You are truly amazing at what you do, and I am extremely lucky that you put your hand up in the nick of time.
To my husband, as always, because every time I sat down to write, edit, or work on my blog, you never once asked me not to. You were just happy to be in the same room.
I love you and us for that.
“I can’t believe you just asked me that,” Shelly fumed, hands on hips, mouth open.
“Why? Come on, Shel. It’s not like you don’t have the money. Three-thousand dollars is nothing,” Adam pointed out as he sat on the couch looking at her.
Shelly took a deep breath and turned around to walk into the kitchen. When she got there, she spotted the knife block, thinking
better not tempt myself
, and made her way to the window instead.
After two years of bailing out her wanna-be-entrepreneur-slash-inventor boyfriend, she’d finally snapped at his latest idiotic idea.

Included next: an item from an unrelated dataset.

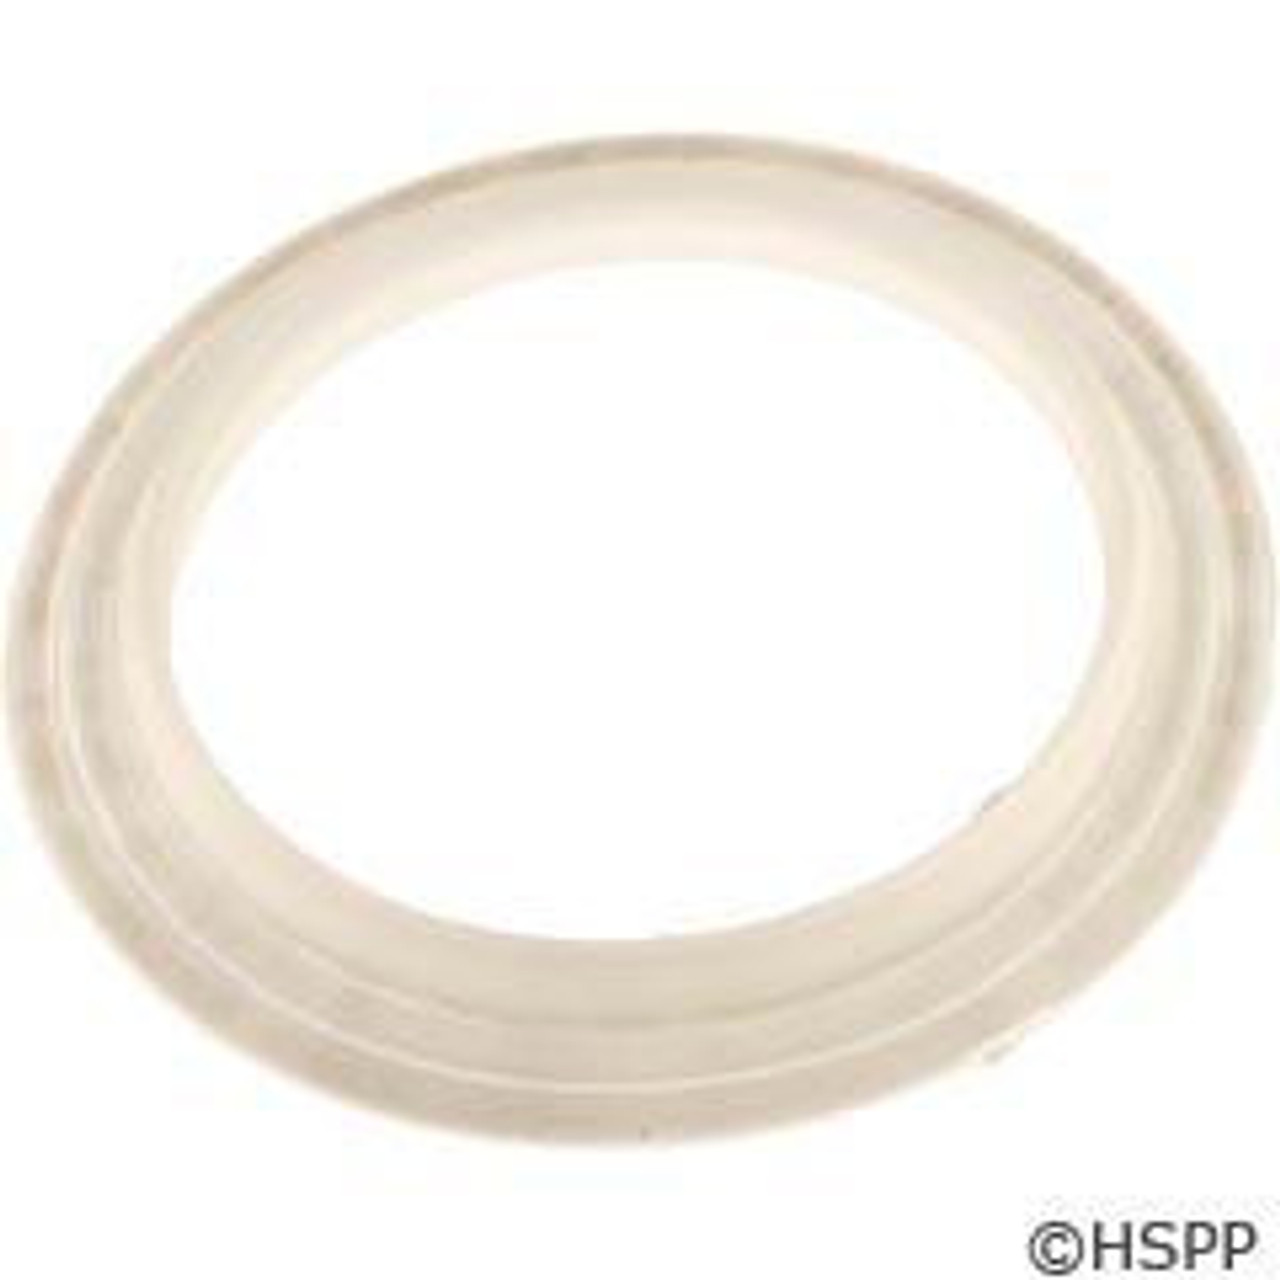 Gasket, BWG/Pent Cyclone Euro Jet, "L", Wall Fitting

Up until now, most of his “inventions” had been semi-plausible, and she’d been able to convince herself that he’d make enough money one day to pay her back. However, several thousands of dollars later, she was still out the cash, and he was
sitting at home on
couch, cooking up the next million-dollar idea. According to Adam, the latest and greatest was “The Auto-Toss,”
a moronic invention with “Want your salad tossed for you?” as the catchy slogan.
Really? Is he serious? Did he even realize the double entendre there?
Shelly raised her hand, squeezing the bridge of her nose.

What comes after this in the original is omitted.